TONY: Yeah, you can do really well and also, I have my film on DVD, so I sell my DVDs for $15 at the theatre, too. What I do is I show the film, I do a Q and A, and then after that, I say, “Hey, my DVDs are available if you like this film. They’re out there.” I have a little table set up and they can buy the DVDs. So, between the DVDs and the ticket sales, if people show up, you do okay.

WILLIAM: So, how many DVDs do you think you would sell? What percentage of people buys afterwards?

TONY: Oh, quite a bit. I’m always surprised to how many people buy it. So, I would say if I have 100 people show up, I would probably sell 15 to 20 DVDs.

WILLIAM: So, that’s a pretty high percentage.

TONY: Yeah, yeah. I kind of thought the DVD was a dead technology but it isn’t. It’s a little bit older and I think people like to pass that DVD around, I mean, it’s very easy and it’s a technology that people can take and they hand it to somebody else and say, “I want you to take a look at this and do you like it?”

When I initially started traveling around, I think I was in Kansas City and the owner of the theatre asked me, “Why don’t you have your DVDs? What are you doing?” And I said, “Oh, I haven’t really thought about it. I was just trying to show my film.” And he said, “Well, everybody that comes in here that’s an independent film maker has their DVDs already.” And so, I said, “Oh! This is all new to me and I was just learning as I go.” Basically, I got the DVDs right out the next day when I got home. I started getting ready to get those ready for my next screening and I’m really glad I did.

WILLIAM: Yeah, definitely. That’s a lot of money, earning potential that you have.

TONY: No doubt about it.
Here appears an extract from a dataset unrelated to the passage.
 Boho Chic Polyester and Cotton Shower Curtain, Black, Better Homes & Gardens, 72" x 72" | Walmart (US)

And then, also, sometimes people miss the screening and then I get emails later on that week to say, “Hey, people were telling me about this film. I didn’t know it was going to be there, or I was busy, or I was out of town, can I get the DVD?” I use PayPal and they just but it directly from the site.
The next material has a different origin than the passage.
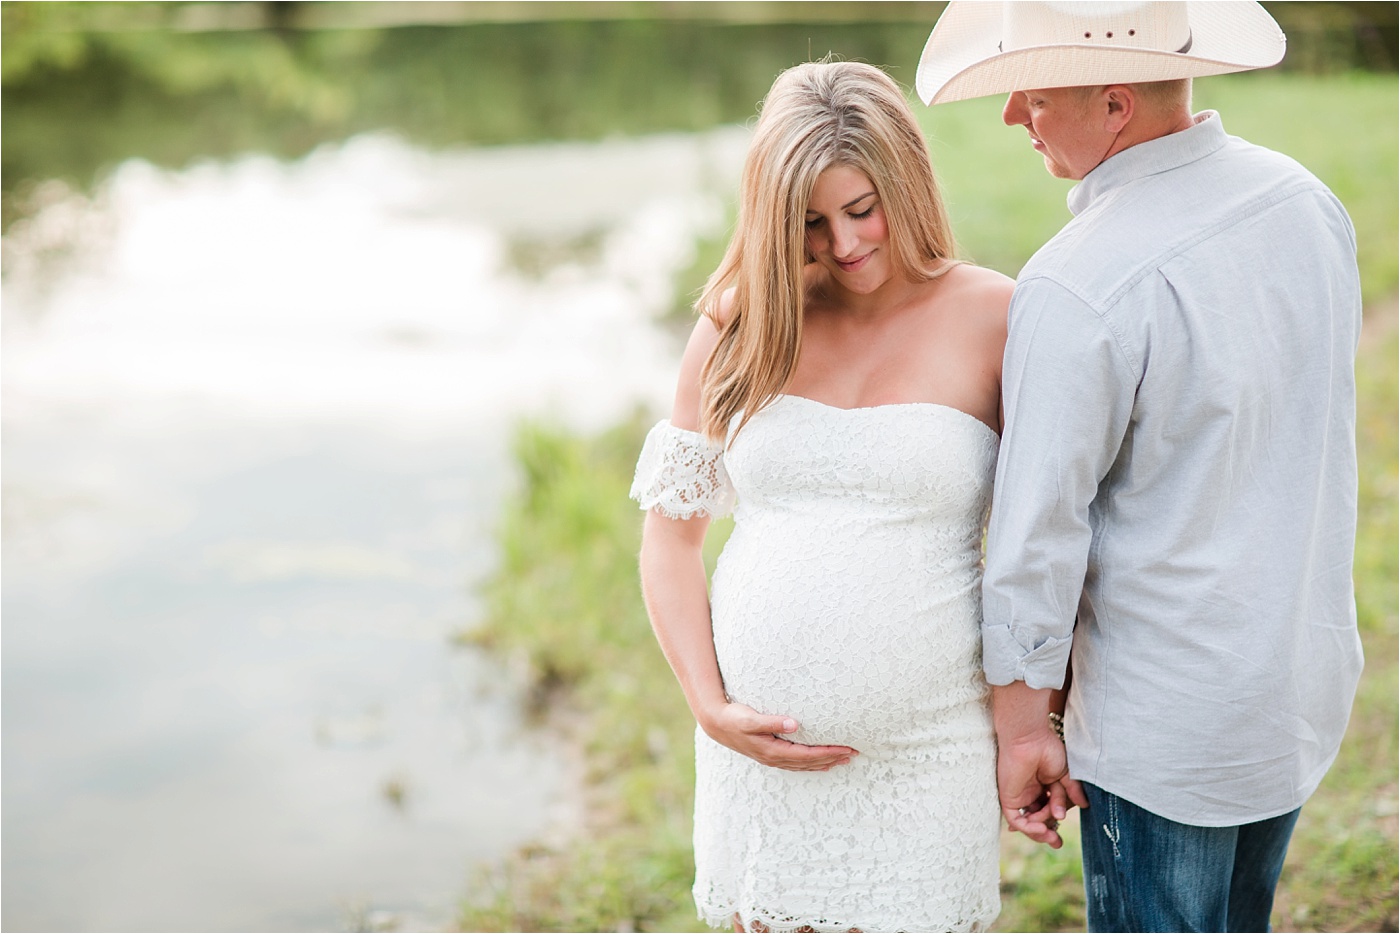 country side maternity session | KariMe Photography

WILLIAM: That’s awesome. Now, once you’re in your city, once you’ve called up the mom-and-pop place and you’re good to go, how do you start marketing your film in that area so that you have an audience?

TONY: That’s a good question. The first thing I do is I send my movie poster to the theater itself. I make that on Photoshop and I have the date and the time on this poster and I have that poster on an easel on the lobby. I just put it in the mail to them.
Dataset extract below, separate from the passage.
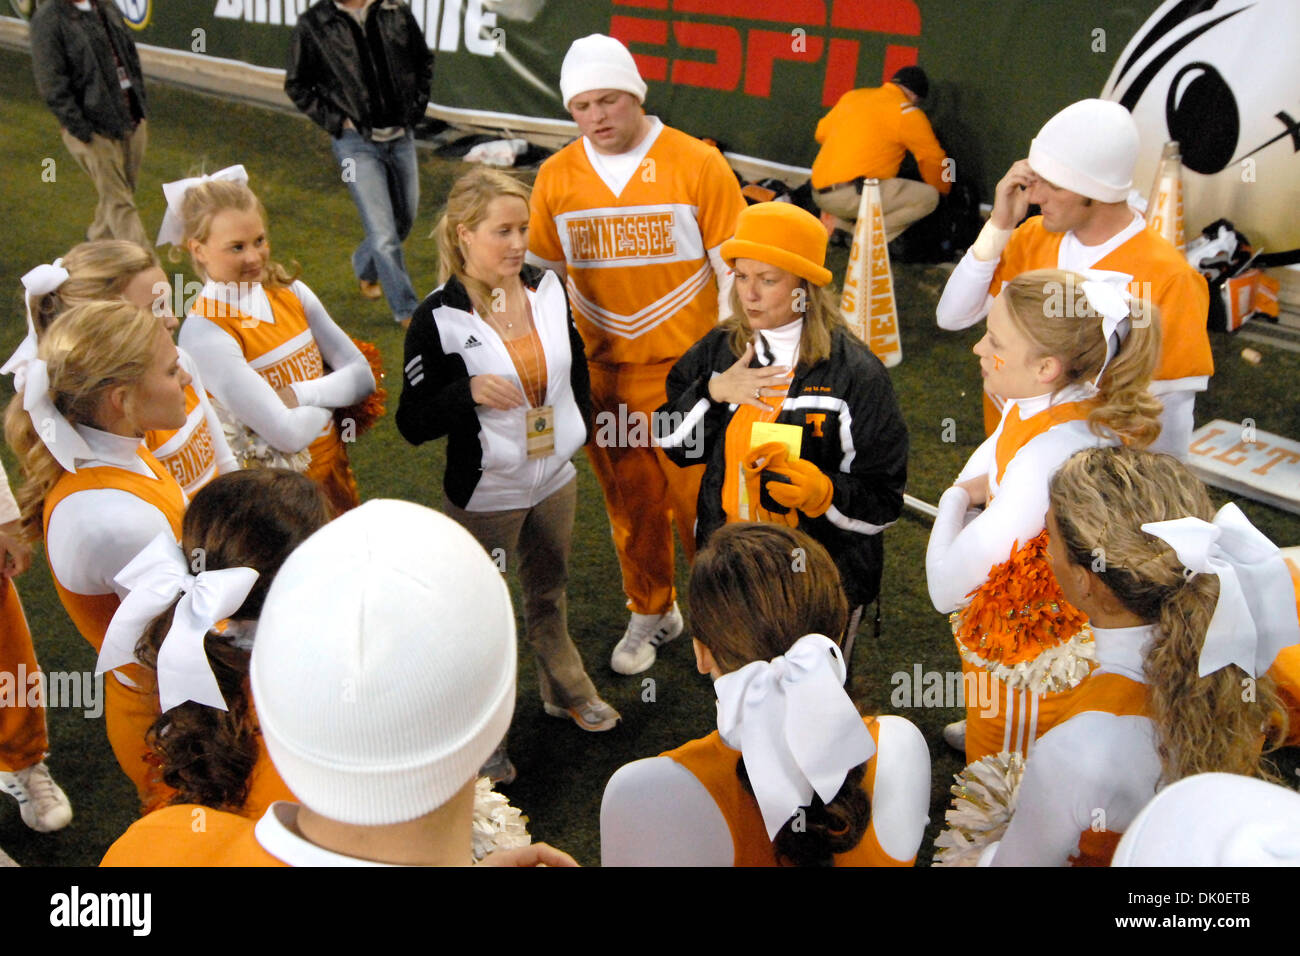 Dec. 30, 2010 - Nashville, Tennessee, United States of America - The Tennessee cheerleaders get ready for the game at the Franklin American Mortgage Music City Bowl at LP Field in Nashville, Tennessee. The Tar Heels defeated the Volunteers 30 to 27 in overtime. (Credit Image: © Bryan Hulse/Southcreek Global/ZUMAPRESS.com) Stock Photo

Then, I send my trailer to the theatre because what I’m looking to do is obviously I have this built-in audience who care about the environment and workers. But, I also want to reach people who just want to see a decent film, a good documentary, because there are a lot of people who just like documentaries about all kinds of topics even though they feel like, “I’m not a nuclear worker and this doesn’t affect me.”

So, I want to reach those people, too. If I can get a theatre to run my trailer ahead of other films, big Hollywood films, and people see it, that is really, really helpful. So, they come out of there and they see that movie poster in the lobby and they say “Hey, what’s going on there? I’m interested in that film.” So, that’s one thing I did.

I use Facebook big time. That’s huge. I contact people who are leaders in the movement in the area, so if there’s a big environmental group there, I contact them and then, there’s workers there and unions, I contact them and my sponsor helps me with that. And then, I try to get on the radio and I try to get in the newspaper, so I send out press releases.

Social media is great. There’s no doubt about it. It’s been able to get you out there when you can’t get into the mainstream media, but there is no substitute for being in the newspaper or on the radio or on TV. Nobody usually puts me on TV, sometimes after the fact. If you can get all those things working for you, the traditional media and the social media, I usually have a really big crowd.

WILLIAM: What kind of timeframe does it take you to start calling the mom-and-pop places, finding the city that you need to be in, and then start marketing, and then actually come to the city and do the screening? What kind of timeframe? Is this a year? Is this three months? What kind of timeframe does this take you?

TONY: It’s about two months. It’s usually about two months because I start calling the theatre and sometimes it takes a while to just get somebody on the phone, get the date lined up because if you don’t give them enough lead time, they’re going to say, “We already have the theatre booked.”

So, give yourself at least two months to book that theatre and start making your phone calls. Then, when you start initially letting people know on Facebook and in different social media that, “Hey, my film is going to be coming to this particular city in two months,” people are going to forget about that. But, you want to let them know and have it on your own website that, “Hey, we’ll be in South Carolina on August 30.”

So, people have that kind of sketched in their mind, but then, when you start getting two weeks out, you really start reminding people, “Hey, the film is going to be here in two weeks.” You don’t want to go too early because people will forget about it and you do not want to go too late because people will start planning other things, “Oh, I would have gone, but I’m out of town. I wish I had known sooner.” So, its right around that three weeks to two weeks area you really want to start hitting the area hard and letting people know, “Hey, the film is going to be there.”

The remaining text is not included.